I'm making some improvements to a C++ large-integer library primarily targeting Visual C++ (2012 and later) on x64, and I'd really like to improve the speed of my division routine by using wider words.
Right now the operation produces 16 bits of quotient per iteration, with a primitive operation looking basically like this:
uint16_t U[], V[];
uint32_t u = (uint32_t(U[i+1]) << 16) | U[i];
uint16_t v = V[j];
uint16_t q = uint16_t(u/v);
That produces the IDIV instruction with 32-bit operands (and EDX zeroed), which is fine, but slow thanks to the large number of iterations. I'd really like to use IDIV's support for 64/32 or even 128/64 division, but I cannot convince Visual C++ to let me use them. Dividing a 64-bit number by a 32-bit number results in a call to the internal 64/64 div routine, which is not particularly fast, and which is total overkill (since my code makes sure that the quotient will never overflow).
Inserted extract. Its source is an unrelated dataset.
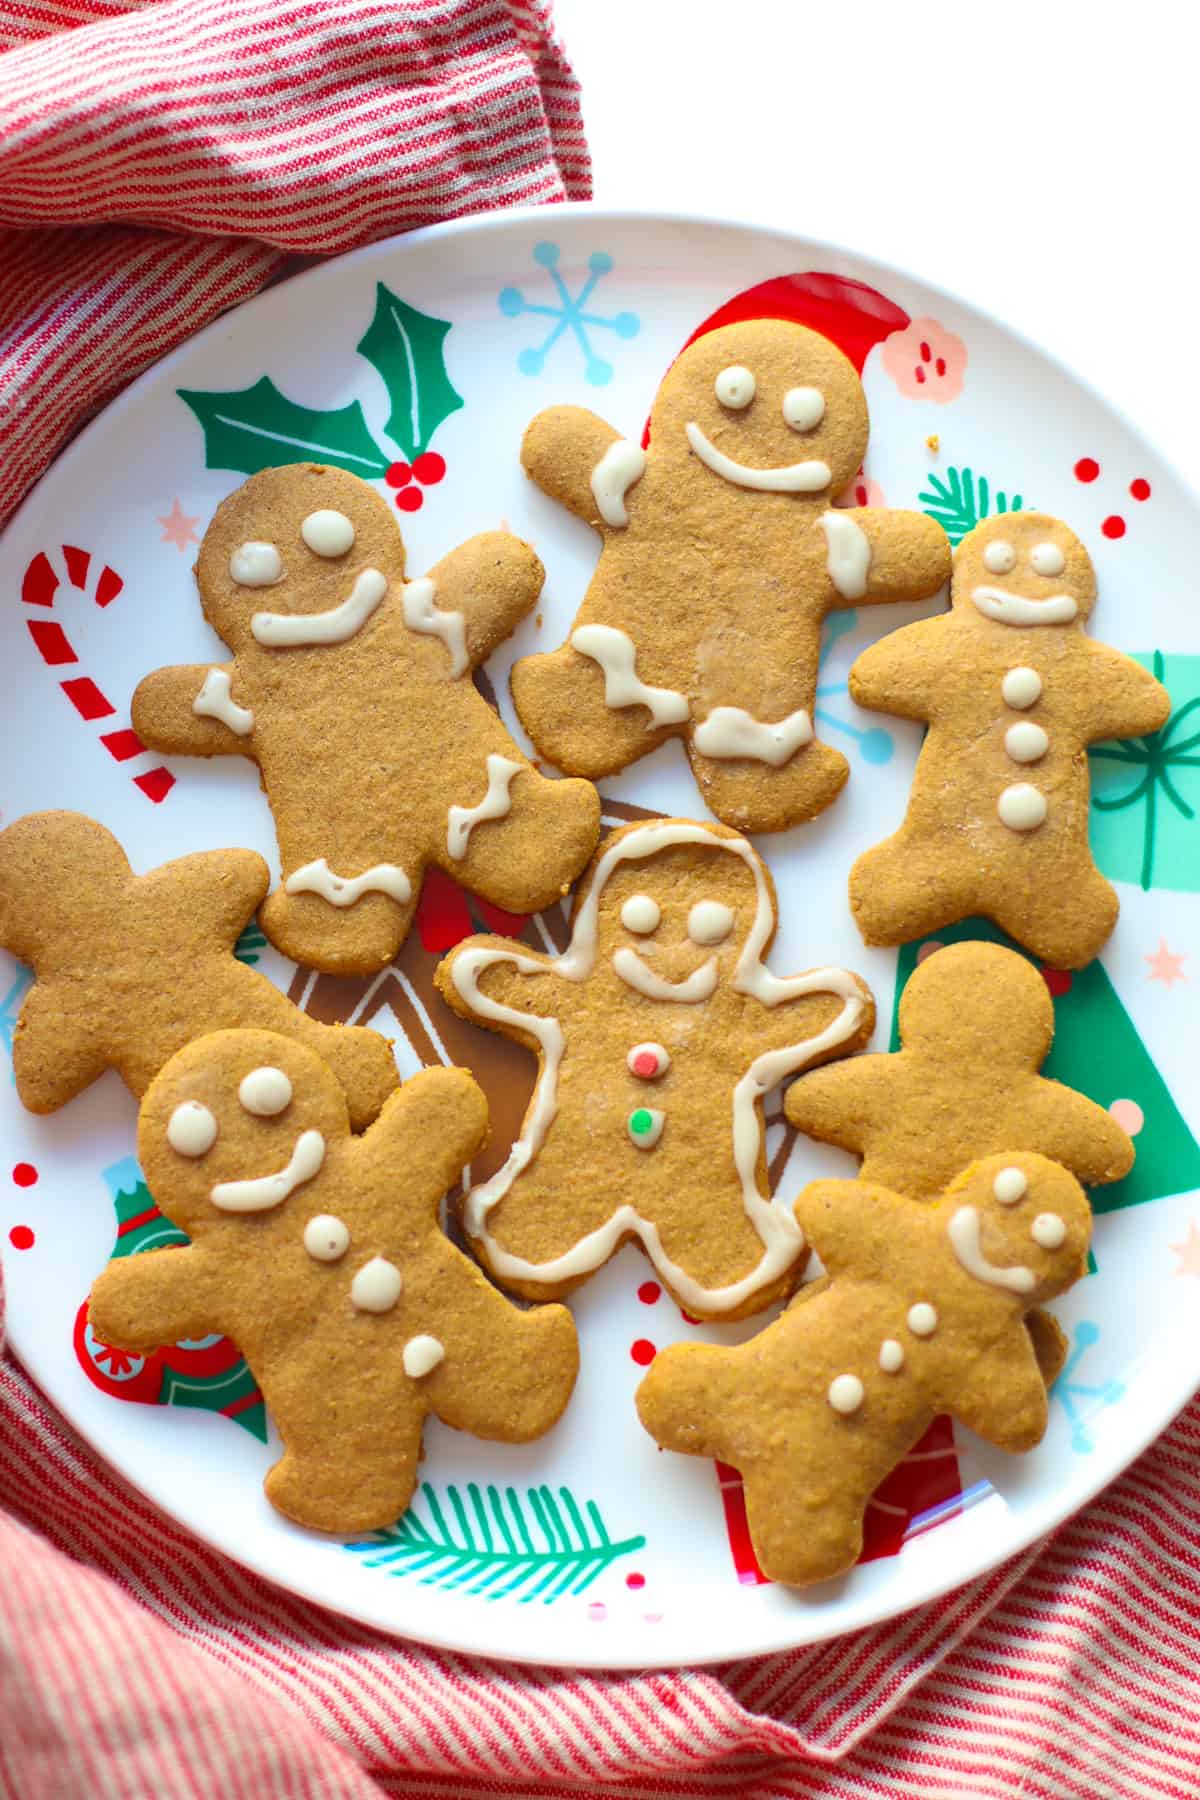 Baked and decorated gingerbread cookies on a festive plate.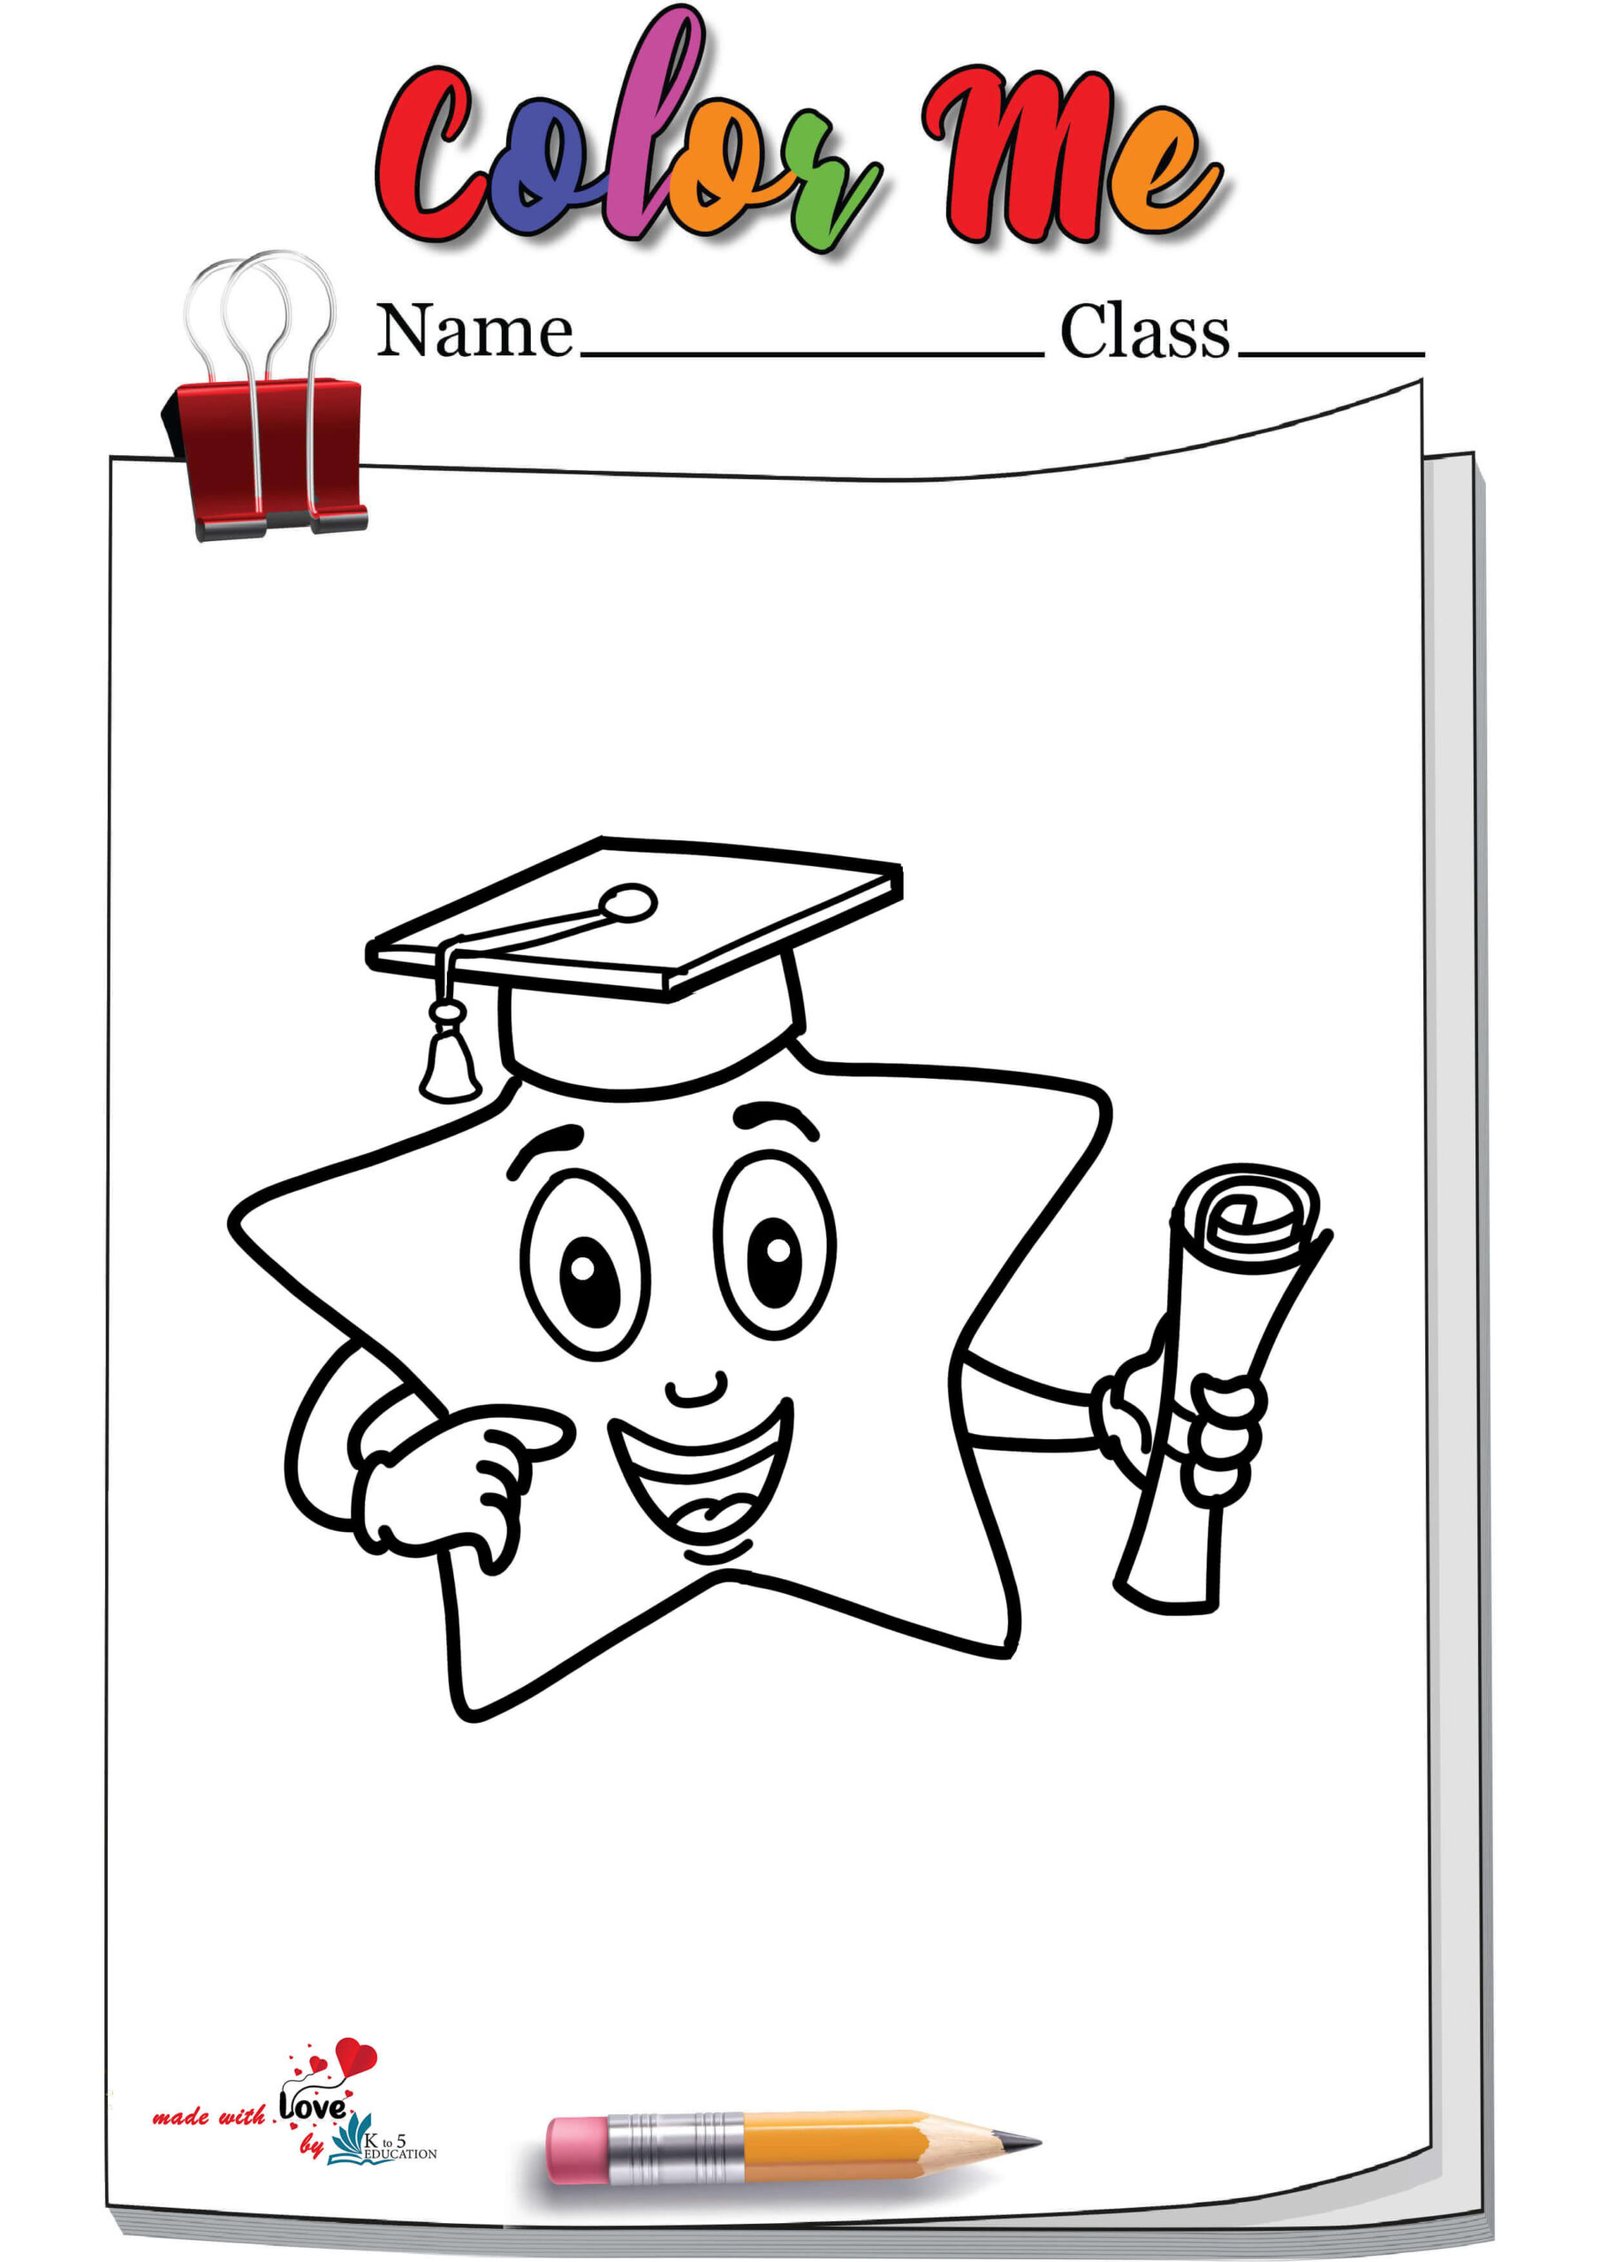 Star Emoji With Graduation Hat Coloring Page

And I can't even touch the 128/64 division since there's no support for 128-bit numbers.
Normally this is where intrinsics would come in, but VC++ doesn't seem to offer an intrinsic to use the high operand in division (as it does through __umulh
for multiplication). Without support for inline assembly in x64, it's looking like the only solution is to reimplement the routine entirely in ASM, which I want to avoid if at all possible.
How can I use the full power of IDIV in a VC++ long division routine?